First post, first question.

I have been riding since the early 90's all hardtail and rigid forks in the early days. I just purchased my first full suspension bike, a used WFO that came with some goodies that I had no idea even existed.

The bike is setup with the 140mm Reba fork and the RS Vivid Air R2C rear shock. 

I am not a light guy, 240-250 RTR. In getting the sag setup I have the shock at about 255 PSI and still pushing 30%. My concern is that 255 is getting close to the 275 MAX psi that RS notes in the tuning video and other docs.

I won't be taking routine huge drop, mostly going to use the bike as a trail rig. Hope to tackle the Whole Enchilada next season.

Does anyone have experience with running the Vivid at high pressure?

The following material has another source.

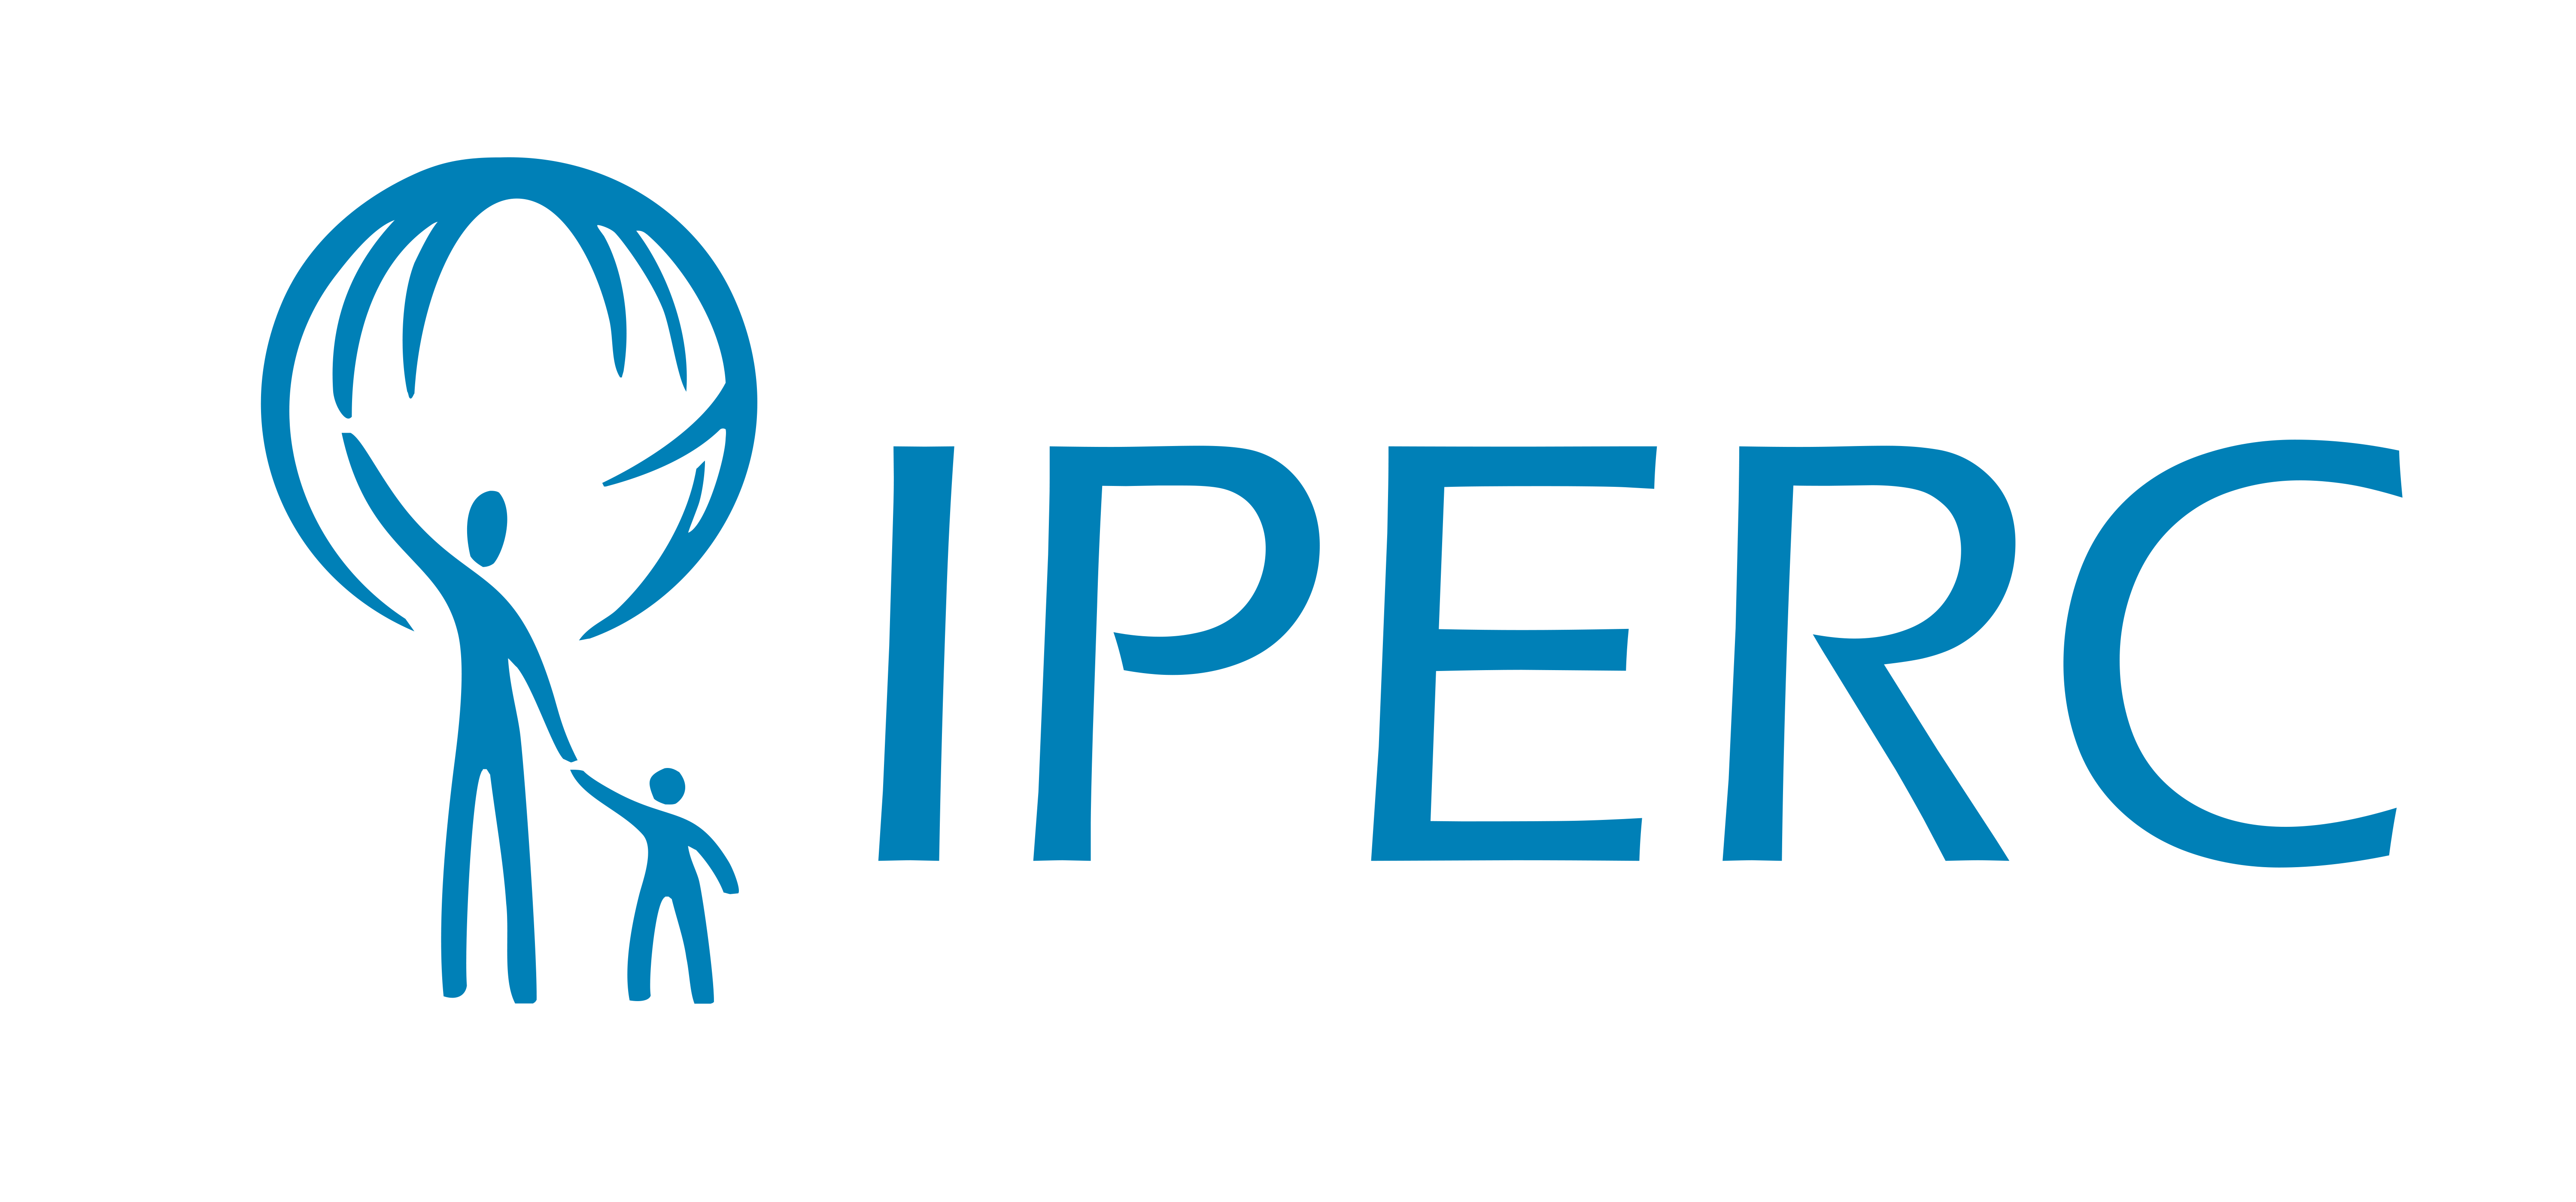 IPERC Academy
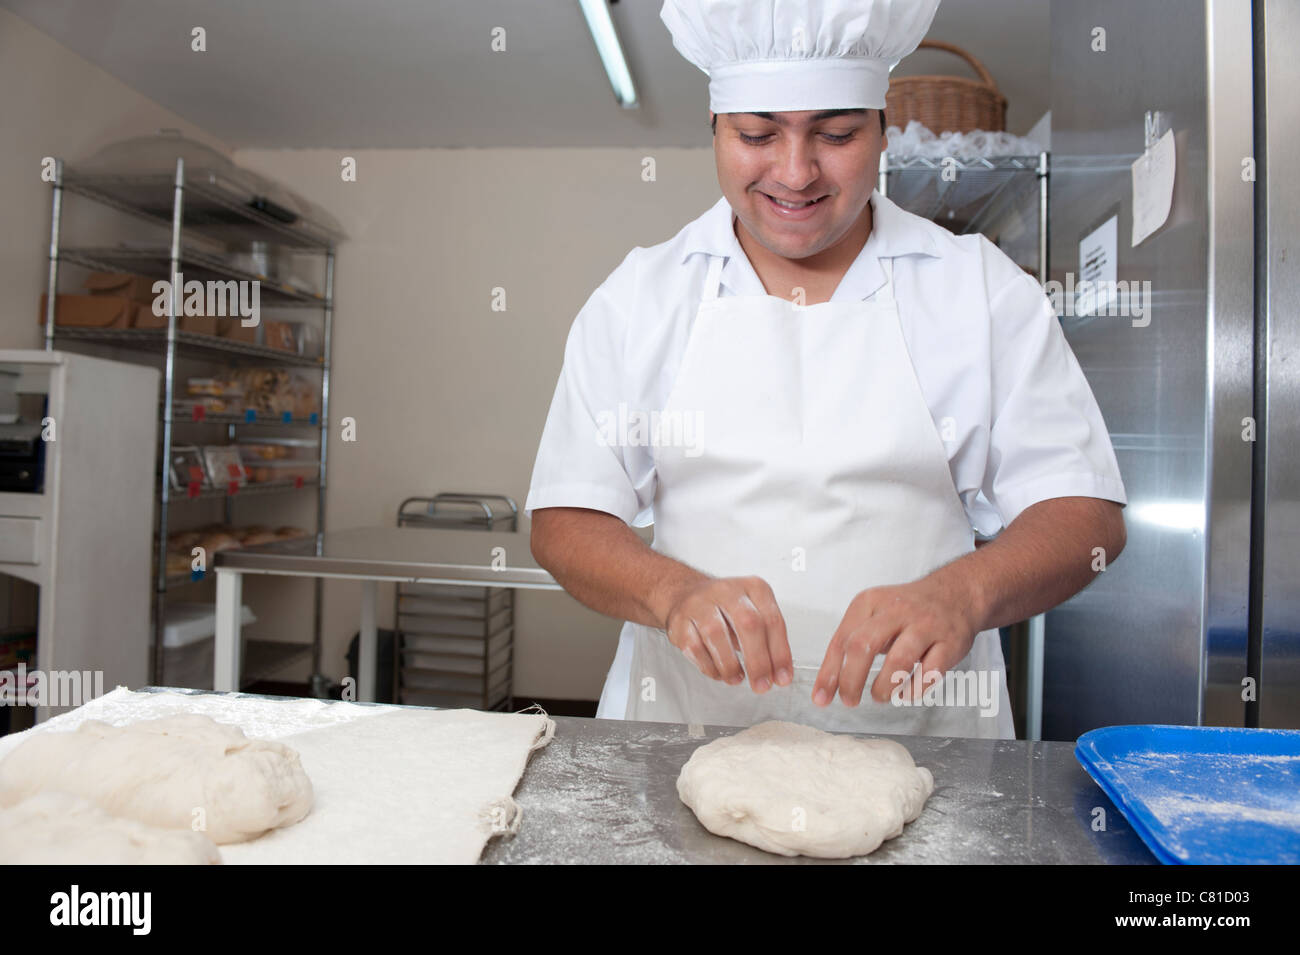 https://c8.alamy.com/comp/C81D03/hispanic-baker-working-in-commercial-kitchen-C81D03.jpg

Does it hold up ok?


----------



## Joules (Oct 12, 2005)

You aren't running it at high pressure. You're running it where it was designed, per rock shox (they wouldn't say 275 max if 250 was the highest they wanted it). 

I ran mine at 300 for a while without incident....


----------



## Quacktacular (Nov 6, 2013)

That helps ease my mind a bit. Reading about rebuild costs had me a little nervous about asking the shock to approach the stated limit.


----------



## 11053 (Sep 19, 2009)

That's a solid air shock.
I have a few of them.
One is on a DH bike that sees a lot of bike park use and another gets swapped on and off a long travel pedal bike depending on where and what I'm riding.
Rock Shox says you can run it at max air pressure and not worry.
One you get close to preferred sag and compression and rebound settings, you may find that 5psi +/- is all that's really needed to dial in the sag to different terrain.
I'll run 30-35% on the DH bike and 25%-30% on the pedaly bike.
It's a fun shock to adjust and it's easy to adjust.
It also does well if you "set and forget".
Service can be pretty involved on the Vivid Air depending on what needs done.


----------



## Quacktacular (Nov 6, 2013)

Thanks guys for the info. I will beat on it for a while and play with the settings. Having only ridden it about 12 miles so far (all pavement with one flight of stairs) I am already loving it!


----------



## Joules (Oct 12, 2005)

Norman Clydesdale said:


> Service can be pretty involved on the Vivid Air depending on what needs done.


True, it can be pretty involved, but 1: that's true of all shocks, and 2: at no point in the service instructions do they say "take it to an authorized dealer or you'll void the warranty" which I really appreciate compared to Fox.


----------